Reputation: 2611
I am using kafka stream for some application.
Stream flow is like below
kafkaProducer---->StreamerConsumer1->finalCosumer
I have producer which write the data very fast and my StreamConsumer will map each stream with some process and forward the stream to other topic.
in my StreamCosumer map, I added my own mapper function which Actually tries to persist its relevant data like below
public void checkRecord(T1 key, T2 value) {
switch(T1.toString()){
case "key1":
//Get relavant fileds from value and perisit in db
break;
case "key2":
//Get relavant fileds from value and perisit in db
break;
}
}
KStream<String, KafkaStatusRecordWrapper> pDStream[] = myStream.map(this::checkRecord).branch((key, value)-> value.isSuccess(),(key, value)-> !value.isSuccess());
pDStream[0].mapValues(value -> transformer(value)).to("other_topic",Produced.with(stringSerde, stringSerde));
Now my checkRecord record consumer function is single threaded and almost it is taking 300ms(due to some business logic and db persist which I can not avoid) to return.

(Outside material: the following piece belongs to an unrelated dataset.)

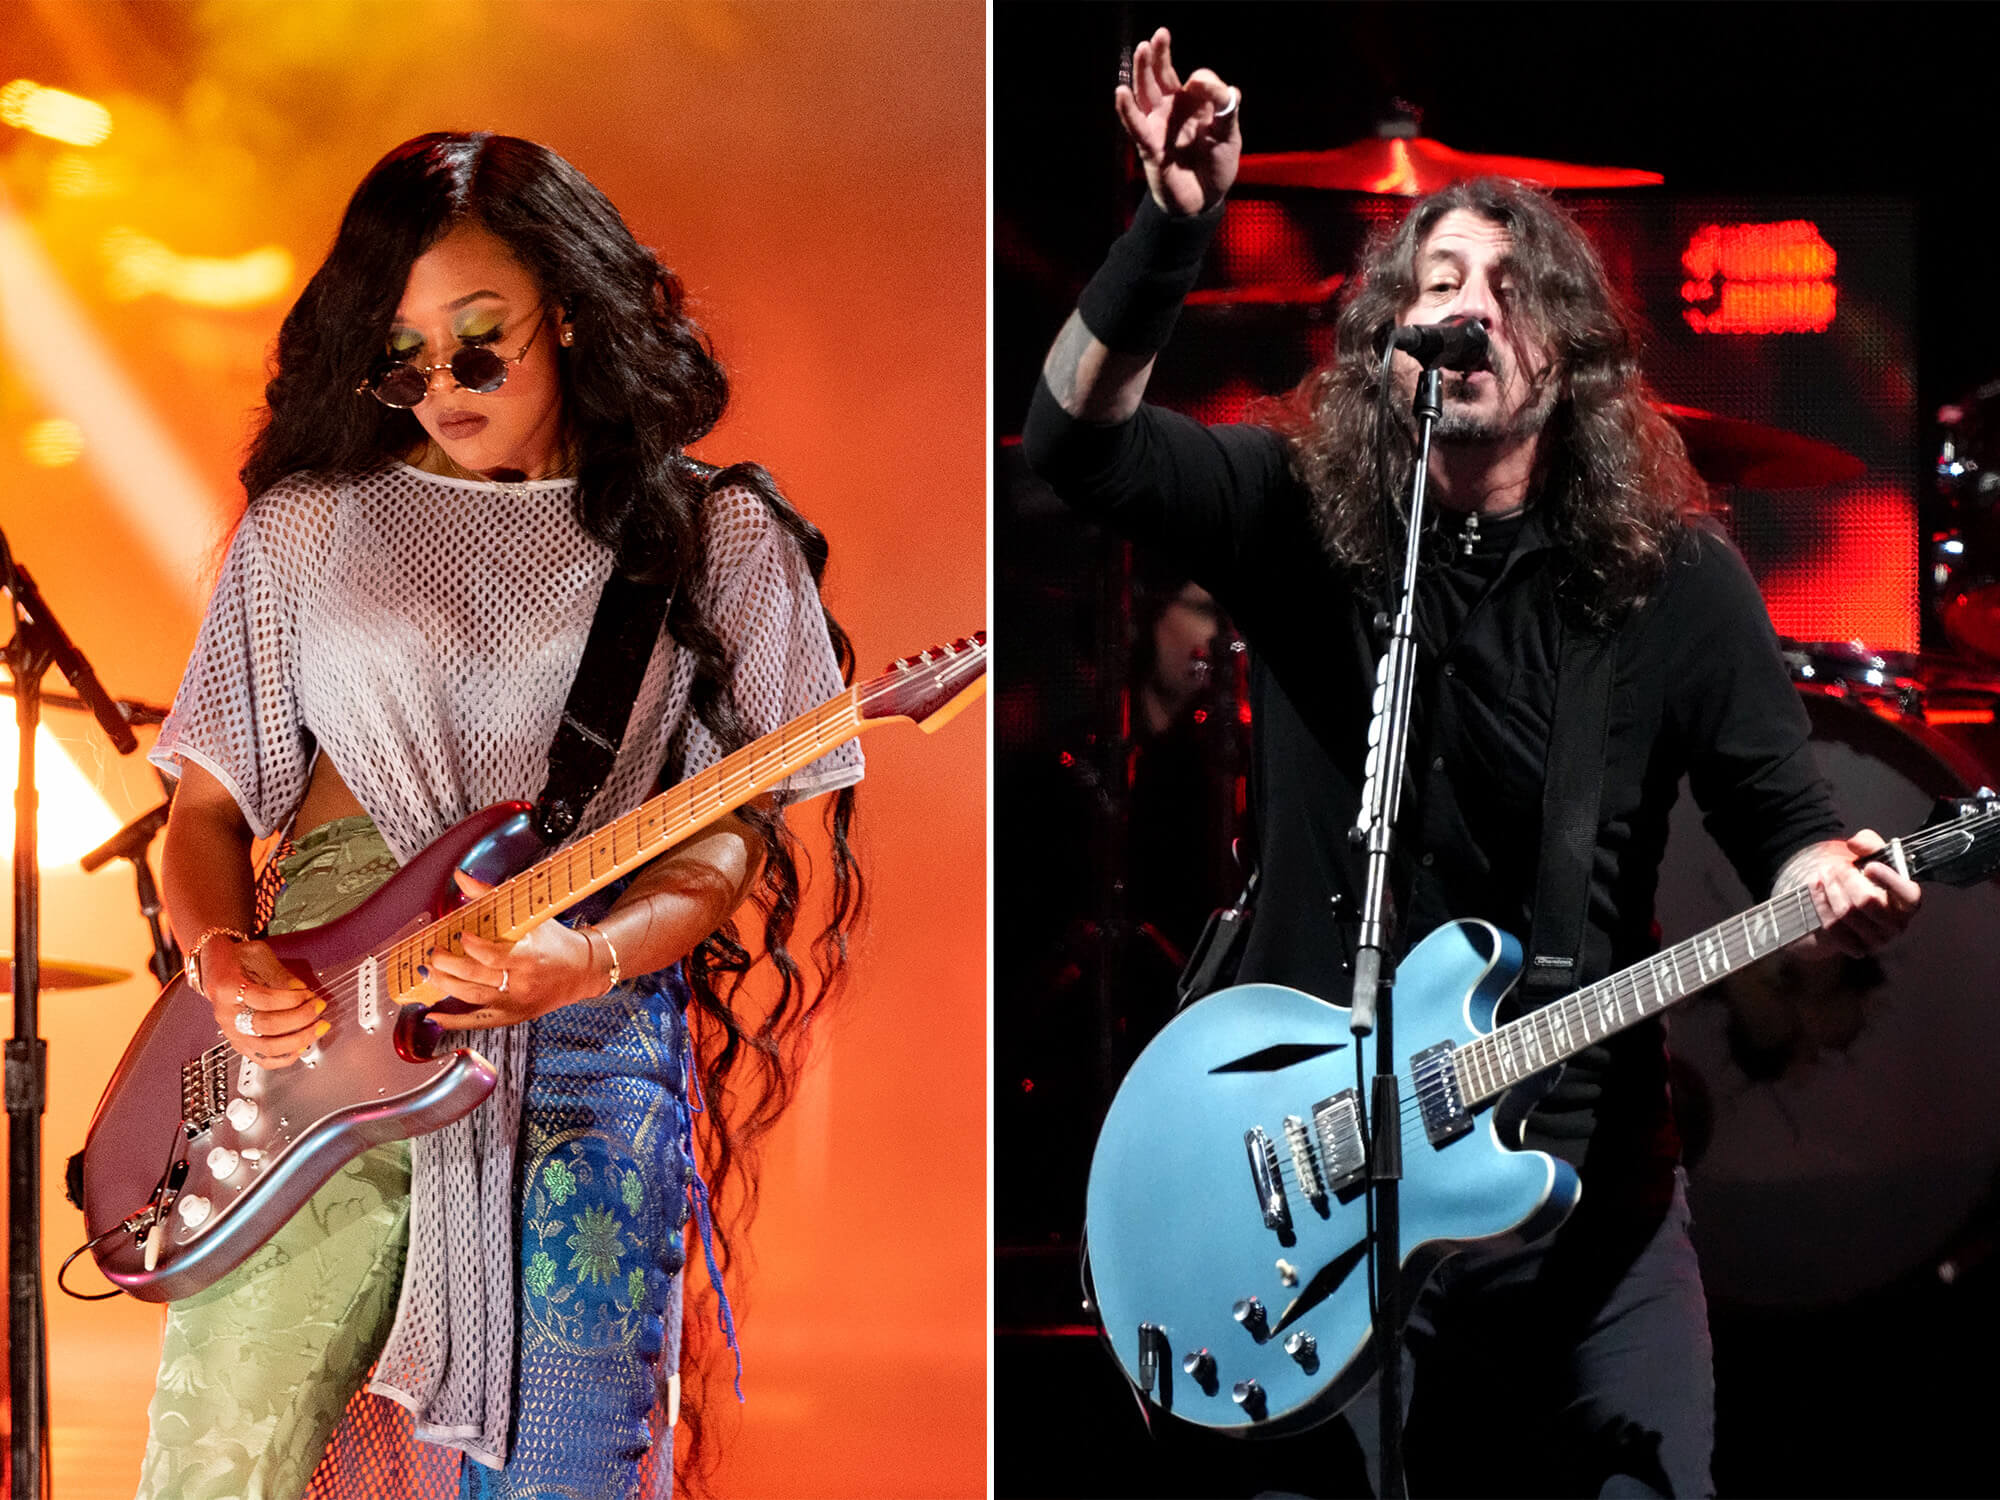 H.E.R (left) and Dave Growl (right) both on stage playing guitar
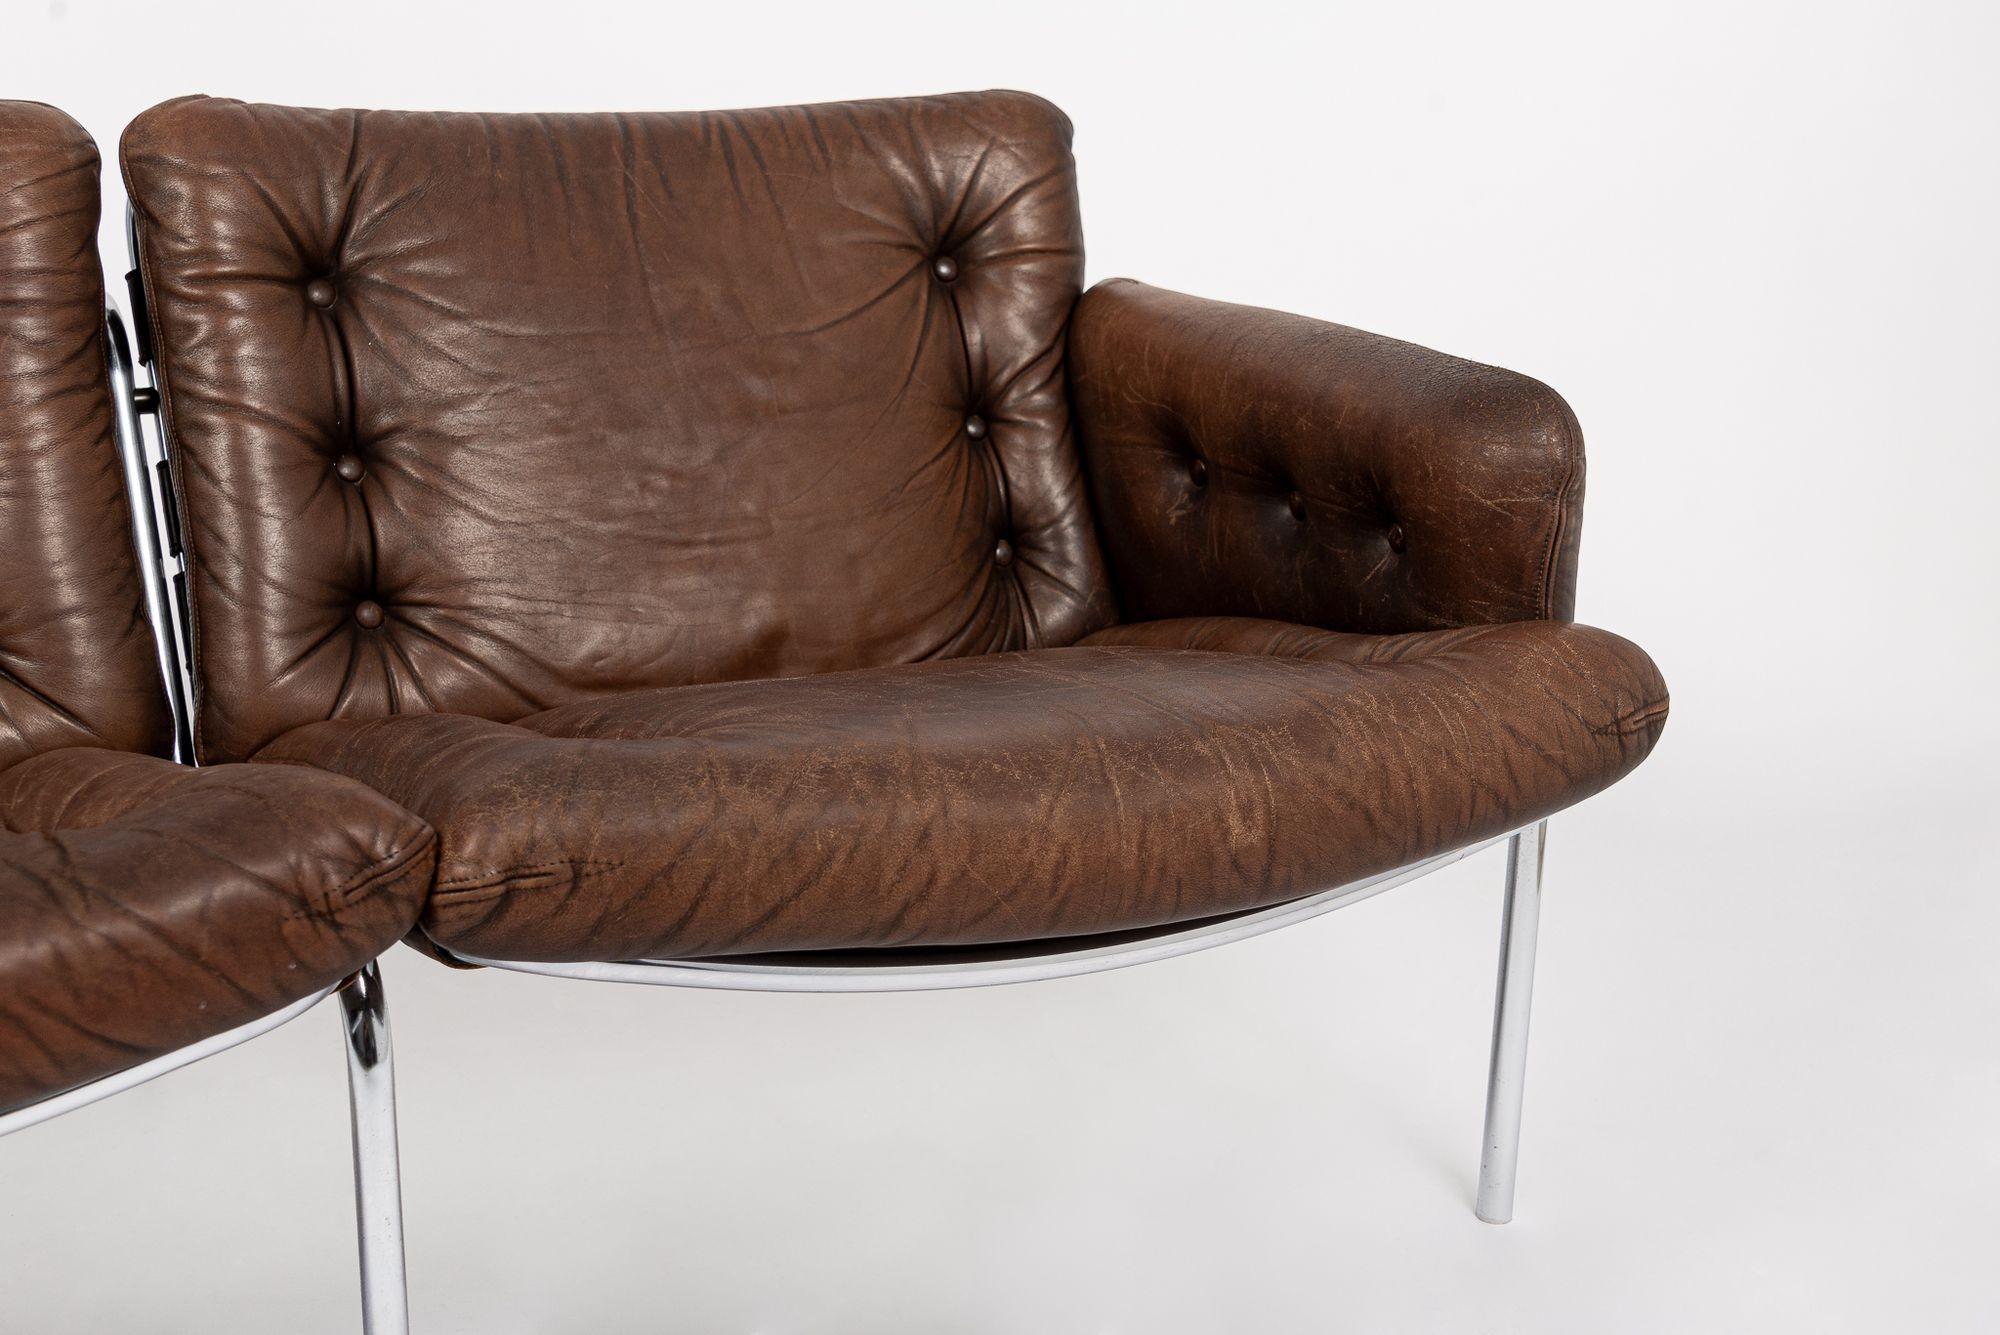 Steel Mid Century Modern Brown Leather Loveseat Sofa 1970s For Sale

I can not increase the number of partition as there was some limitation from our infra, and also due to below constraints
More Partitions Requires More Open File Handles
More Partitions May Increase Unavailability
More Partitions May Increase End-to-end Latency
so I am planning to write multi-threaded stream consumer.
But I am concerned about below points.
So how to increase throughput ?
I have enough resource on my consumer, only 40% of its resource are used.
Upvotes: 0
Views: 134
Reputation: 20830
You can set the stream configuration num.stream.threads
to configure the number of threads. Maximum value could be the maximum number of partitions. It helps to increase the parallelism of the application instance.
Let's say if your topic has 4 partitions, you can set following:
properties.set("num.stream.threads",4);
Upvotes: 2